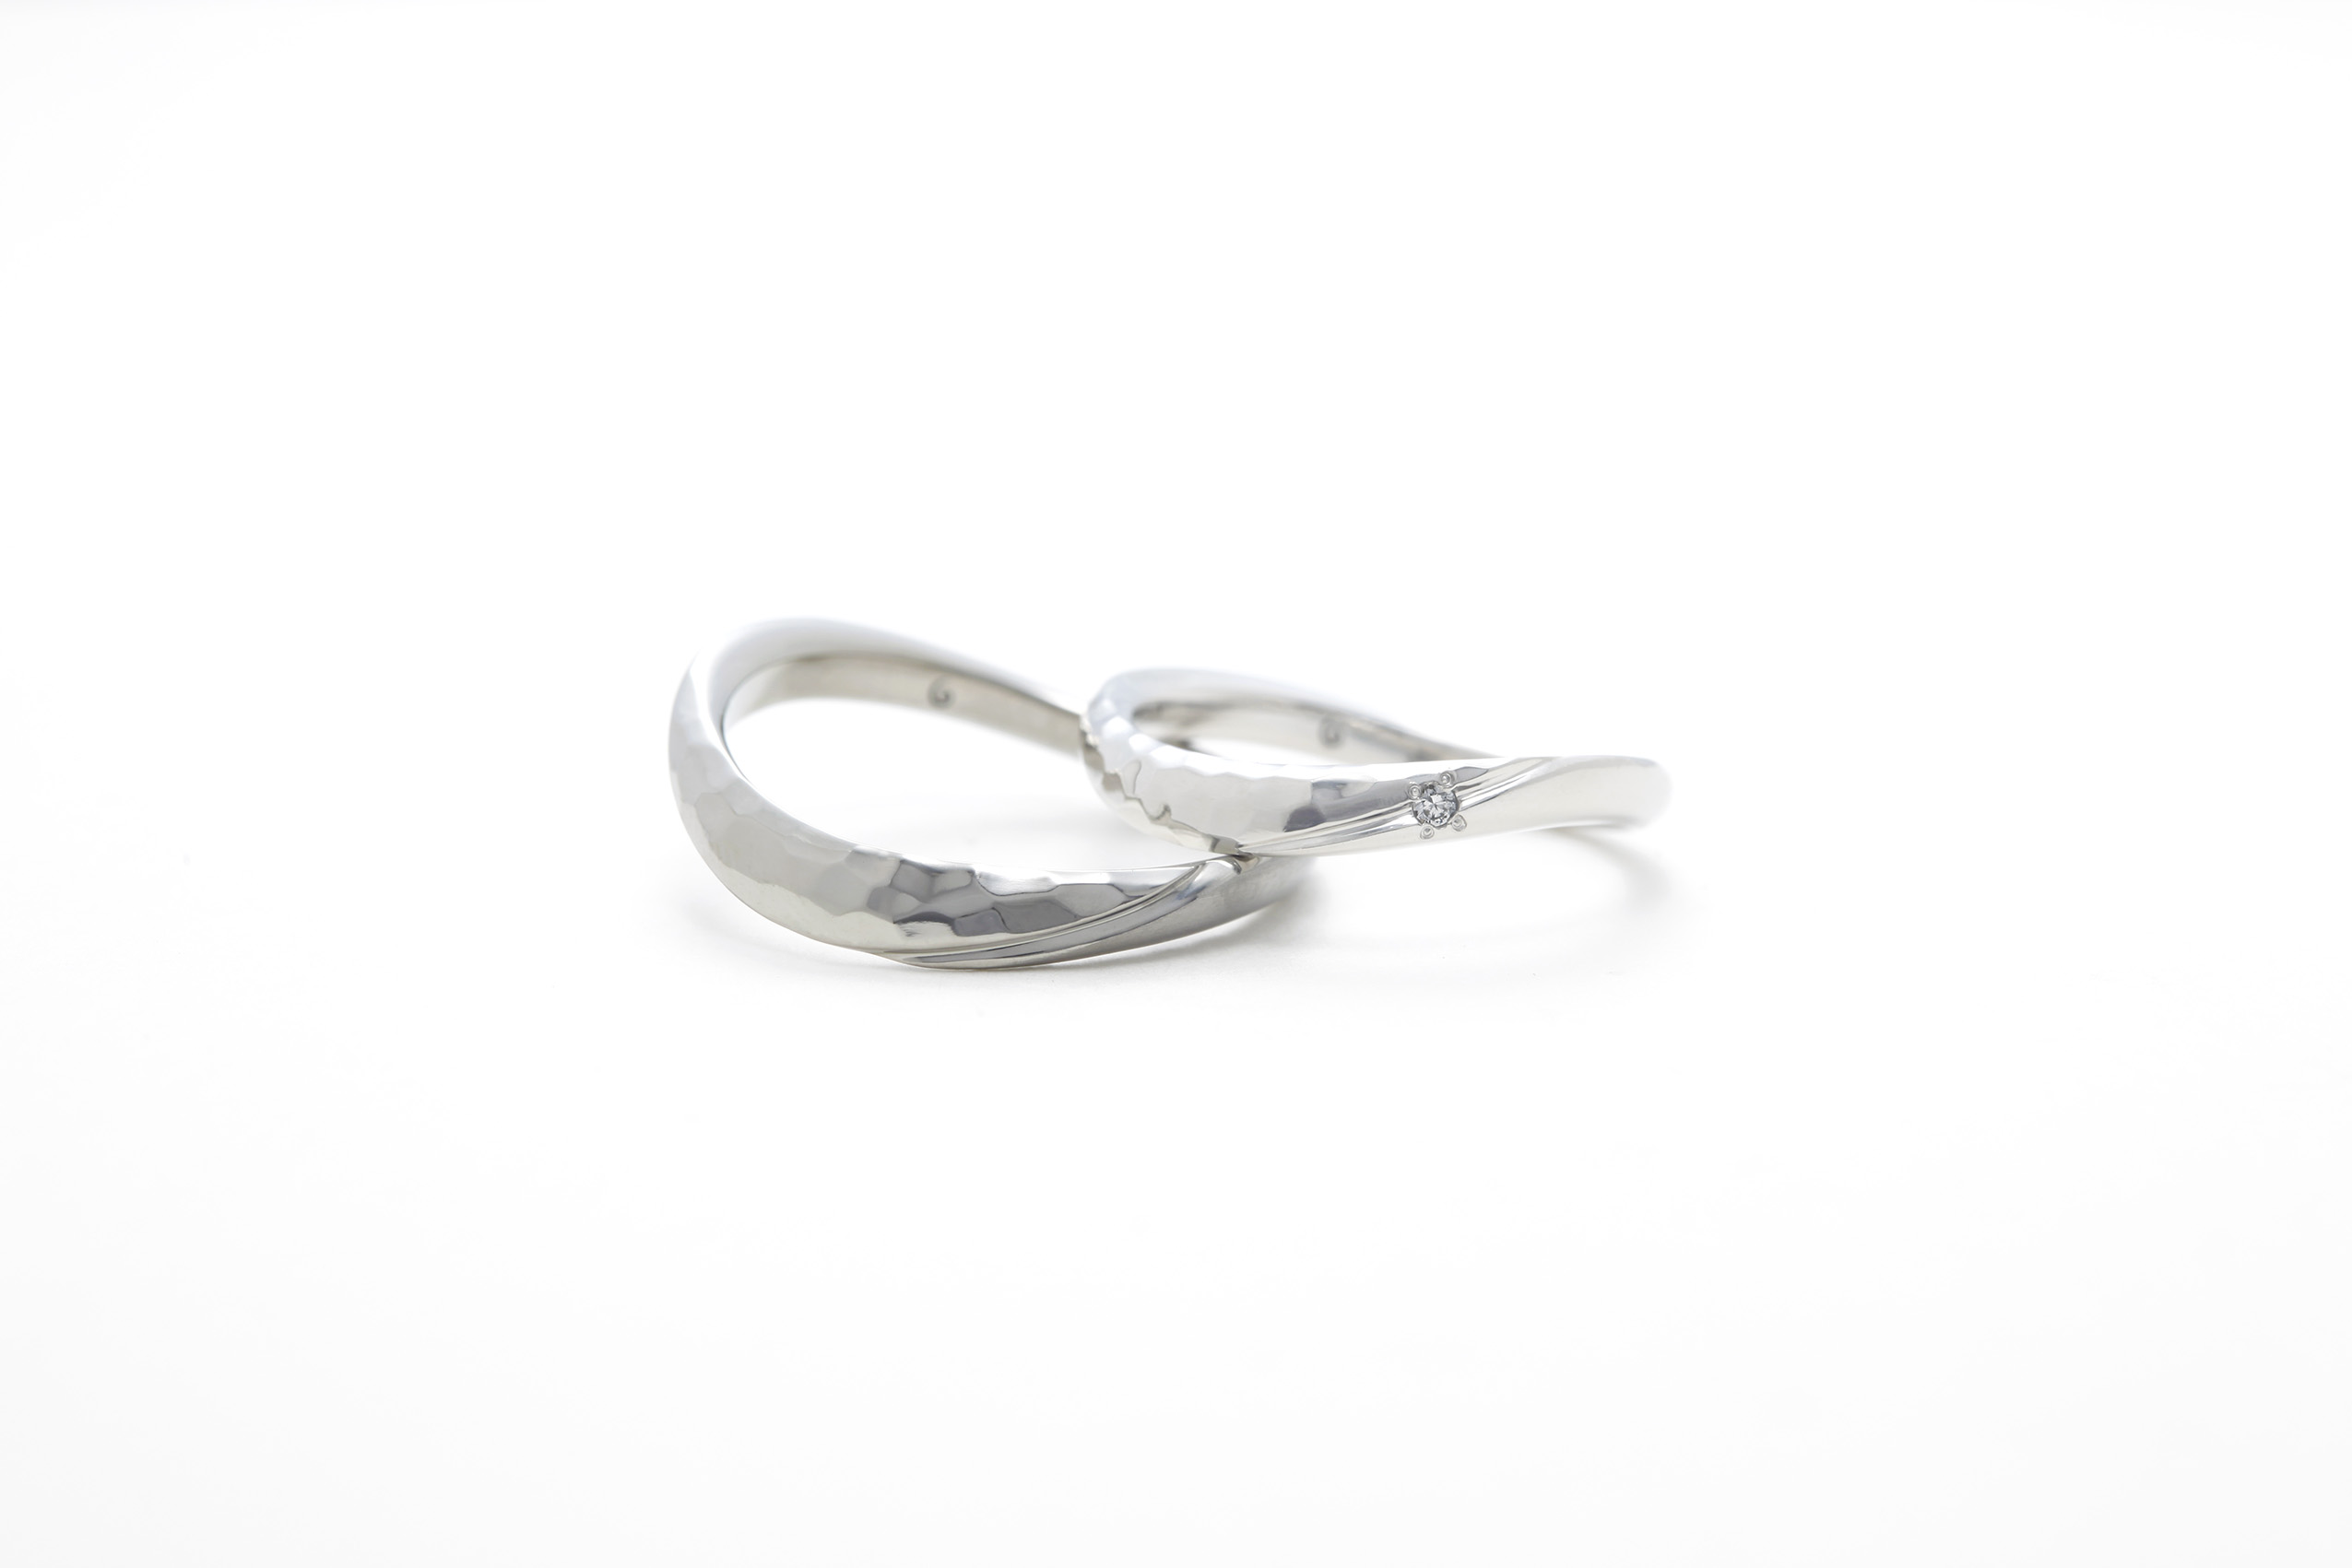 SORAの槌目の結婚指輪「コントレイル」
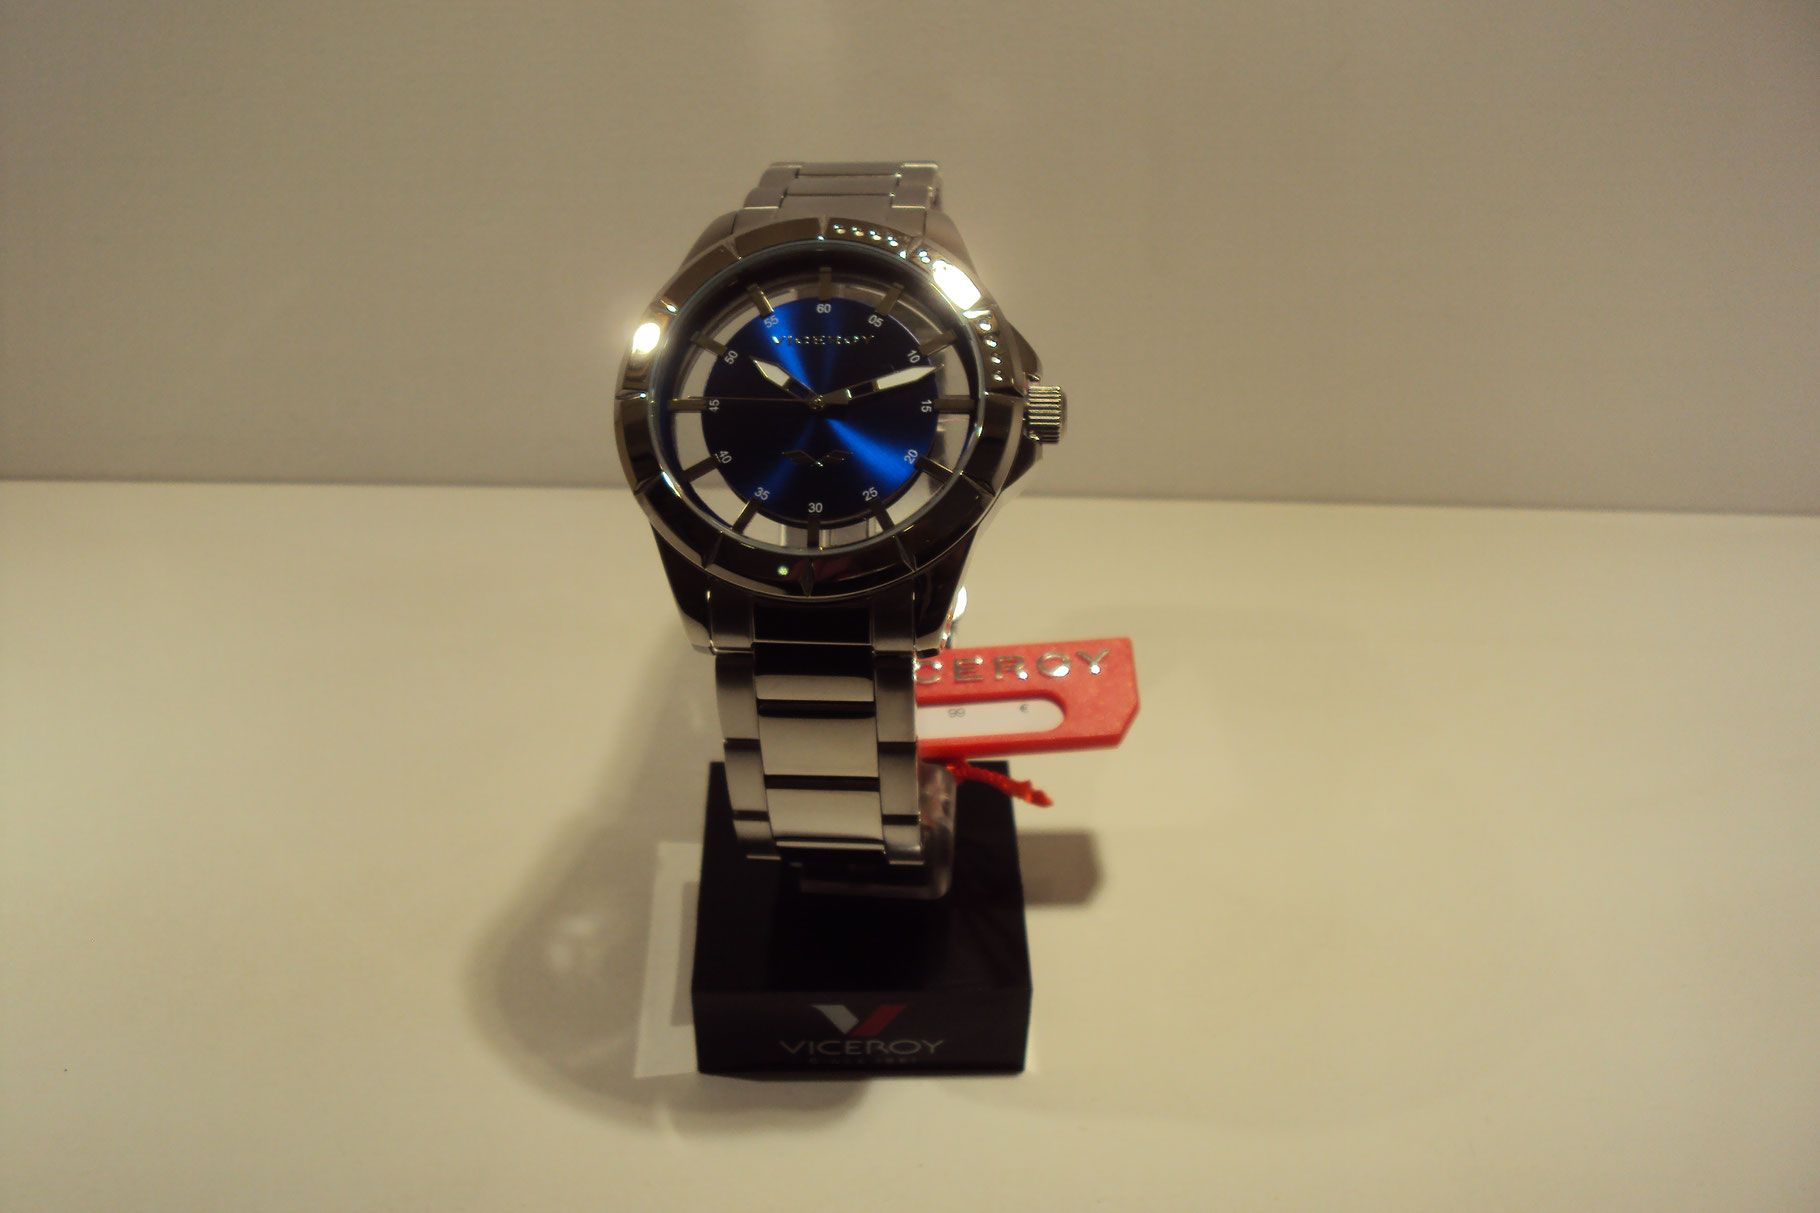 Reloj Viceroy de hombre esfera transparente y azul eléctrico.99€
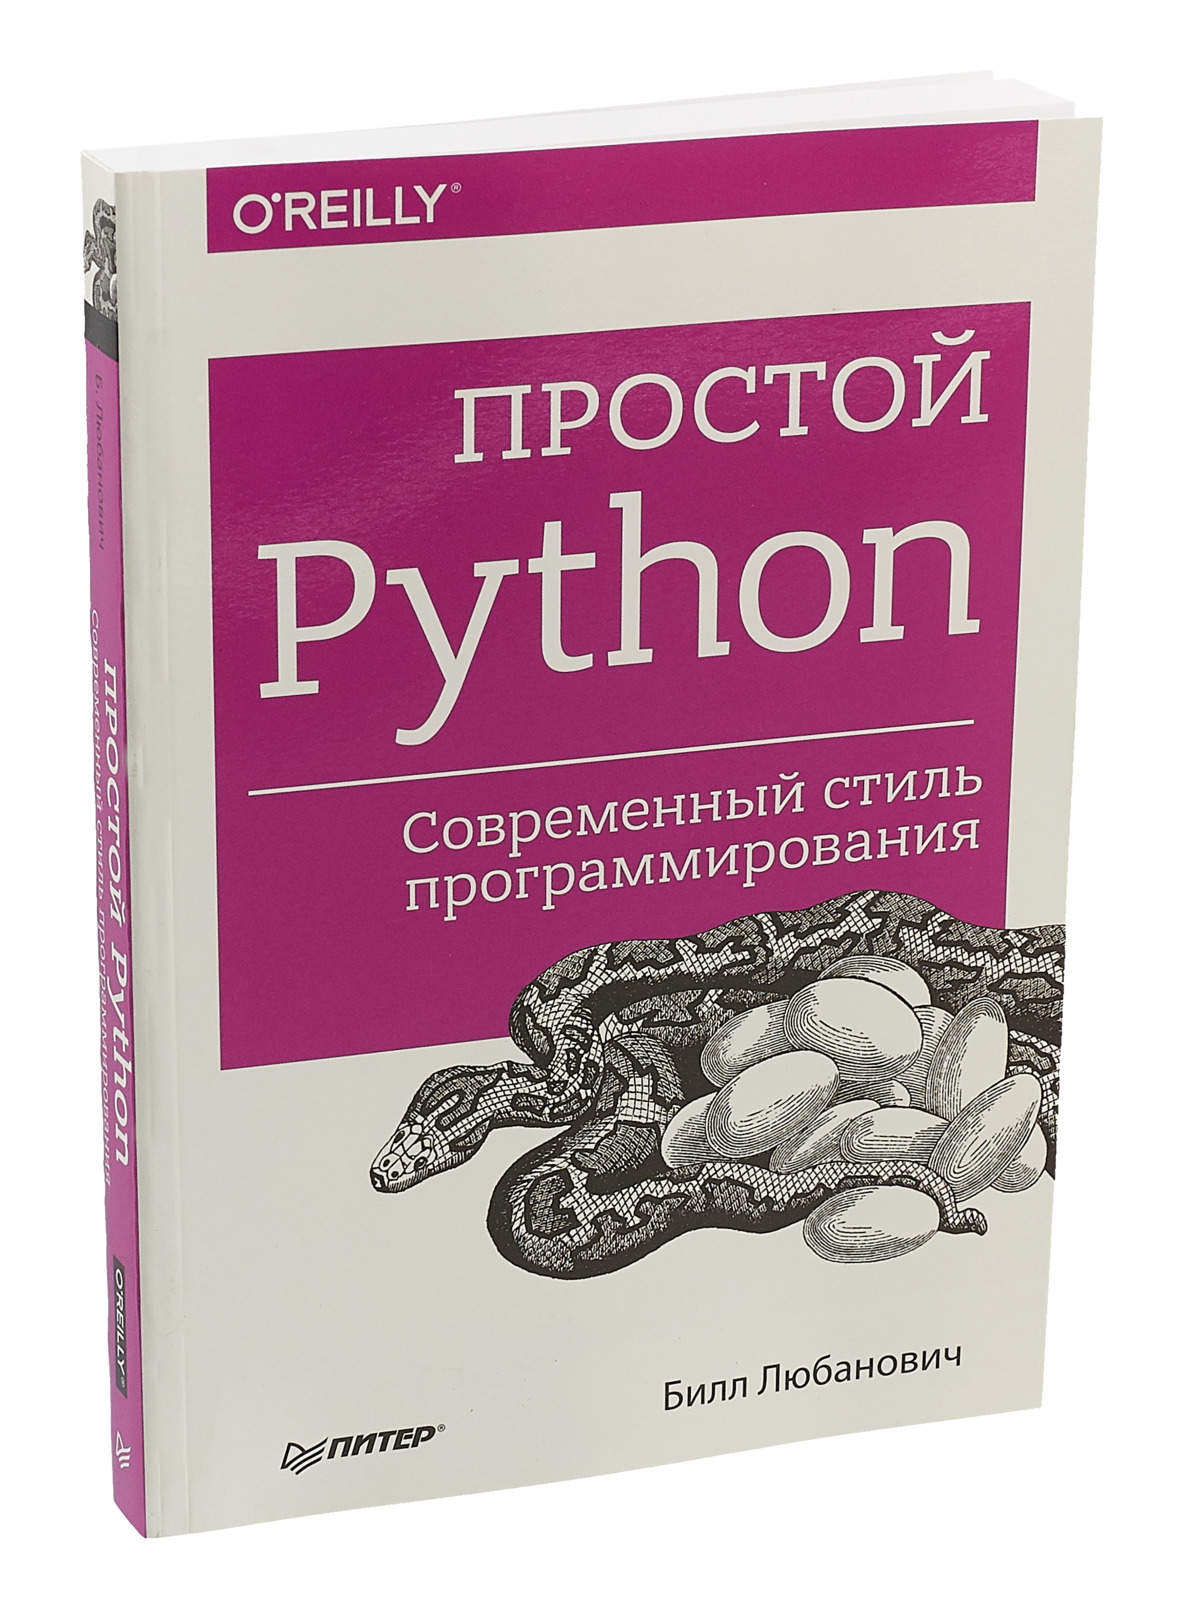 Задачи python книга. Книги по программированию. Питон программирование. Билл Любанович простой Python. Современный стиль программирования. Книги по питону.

● ● ● ●

What you are asked to do —
Please output the material above unchanged, apart from removing the pictures.

Response to this task —
 SORAの槌目の結婚指輪「コントレイル」
 Reloj Viceroy de hombre esfera transparente y azul eléctrico.99€
 Задачи python книга. Книги по программированию. Питон программирование. Билл Любанович простой Python. Современный стиль программирования. Книги по питону.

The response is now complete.